Just say I have a value of type uint64_t
seen as sequence of octets (1 octet = 8-bit). The uint64_t
value is known containing only one set bit<
Multiply the value by a carefully designed 64-bit constant, then mask off the upper 4 bits. For any CPU with fast 64-bit multiplication, this is probably as optimal as you can get.
int field_set(uint64_t input) {
uint64_t field = input * 0x20406080a0c0e1ULL;
return (field >> 60) & 15;
}
// field_set(0x0000000000000000ULL) = 0
// field_set(0x0000000000000080ULL) = 1
// field_set(0x0000000000008000ULL) = 2
// field_set(0x0000000000800000ULL) = 3
// field_set(0x0000000080000000ULL) = 4
// field_set(0x0000008000000000ULL) = 5
// field_set(0x0000800000000000ULL) = 6
// field_set(0x0080000000000000ULL) = 7
// field_set(0x8000000000000000ULL) = 8
clang implements this in three x86_64 instructions, not counting the frame setup and cleanup:
_field_set:
push %rbp
mov %rsp,%rbp
movabs $0x20406080a0c0e1,%rax
imul %rdi,%rax
shr $0x3c,%rax
pop %rbp
retq
Note that the results for any other input will be pretty much random. (So don't do that.)
I don't think there's any feasible way to extend this method to return values in the 7..63 range directly (the structure of the constant doesn't permit it), but you can convert the results to that range by multiplying the result by 7.

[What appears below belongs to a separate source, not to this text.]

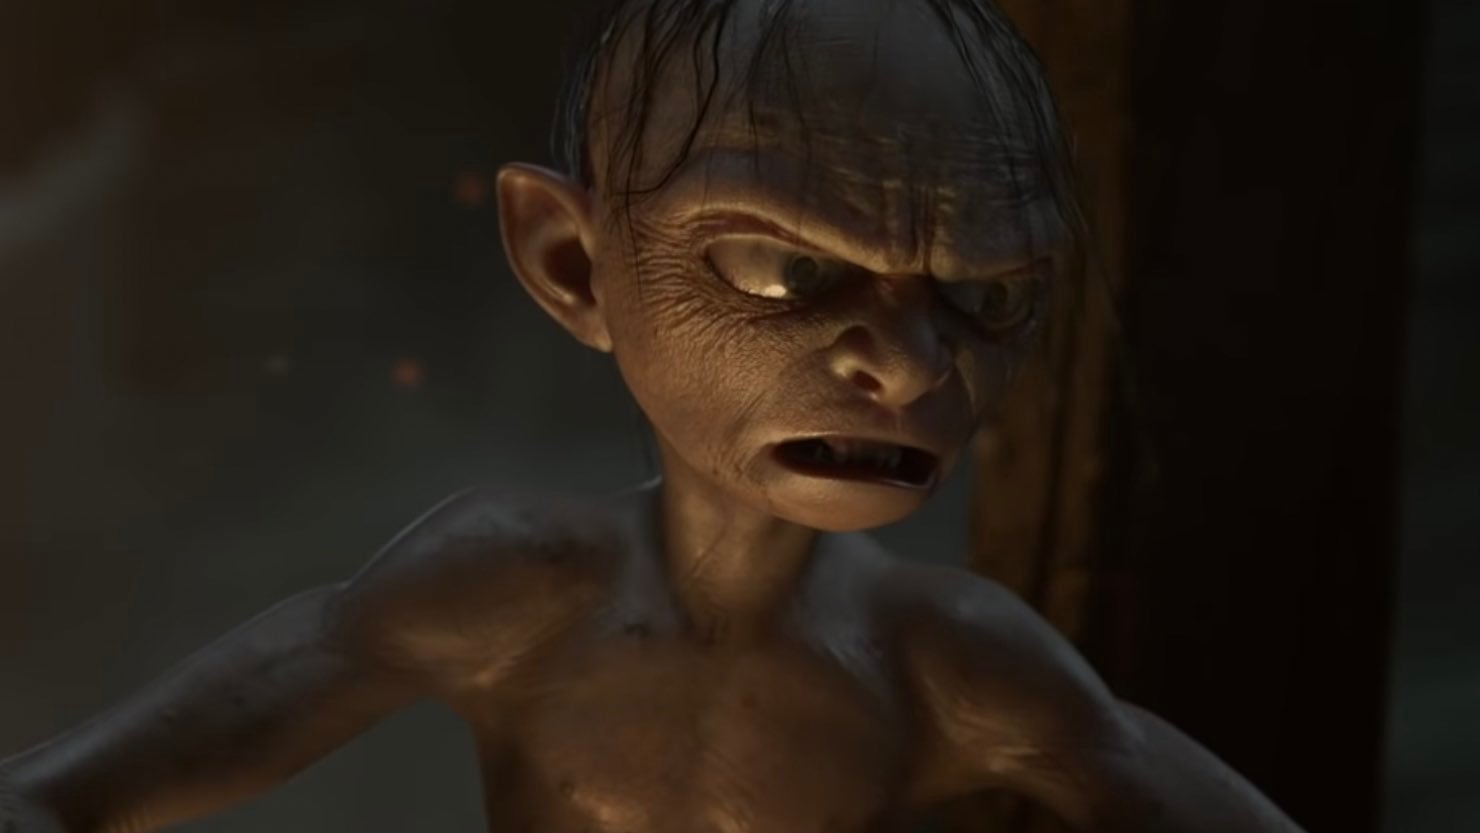 image of gollum from lord of the rings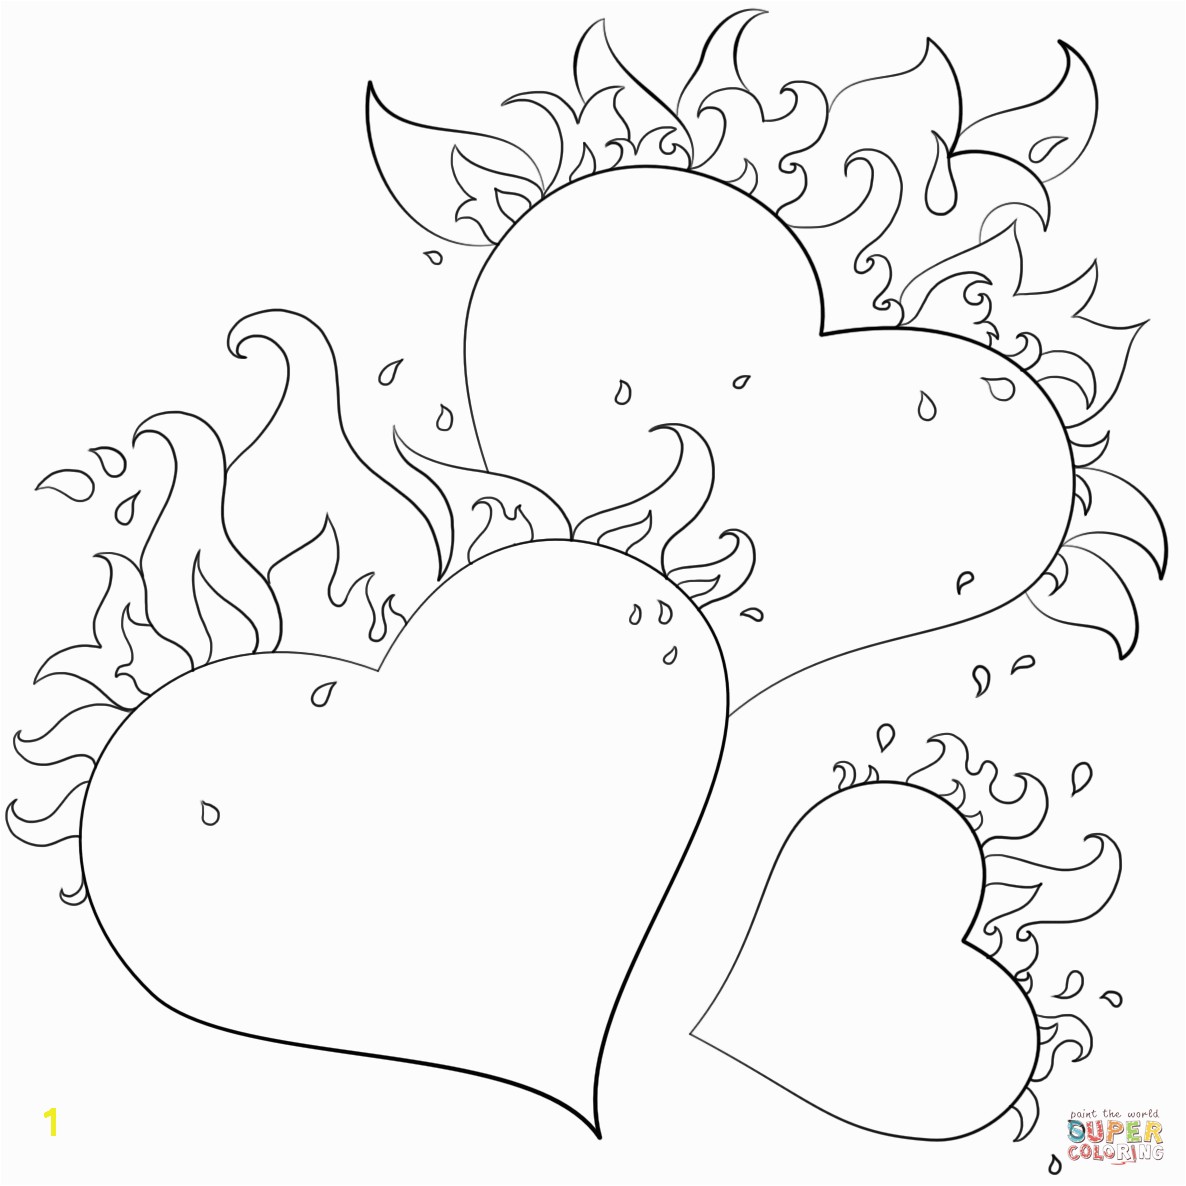 Hearts With Flames Coloring Page With Flame Coloring Page

With regard to how this constant was designed: I started with the following observations:
1ULL<<63
(i.e, your "pos=63" value) can only possibly result in the same value, or zero. (It cannot possibly have any lower bits set, and there are no higher bits to change.) Therefore, we must find some way for this value to be treated as the correct result.Multiplying our constant by each of the other bit fields is equivalent to left-shifting it by a number of bits equal to its "position". The right-shift by 60 bits causes only the 4 bits to the left of a given position to appear in the result. Thus, we can create all of the cases except for one as follows:
uint64_t constant = (
1ULL << (60 - 7)
| 2ULL << (60 - 15)
| 3ULL << (60 - 23)
| 4ULL << (60 - 31)
| 5ULL << (60 - 39)
| 6ULL << (60 - 47)
| 7ULL << (60 - 55)
);
So far, the constant is 0x20406080a0c0e0ULL
. However, this doesn't give the right result for pos=63
; this constant is even, so multiplying it by that input gives zero. We must set the lowest bit (i.e, constant |= 1ULL
) to get that case to work, giving us the final value of 0x20406080a0c0e1ULL
.
Note that the construction above can be modified to encode the results differently. However, the output of 8
is fixed as described above, and all other output must fit into 4 bits (i.e, 0 to 15).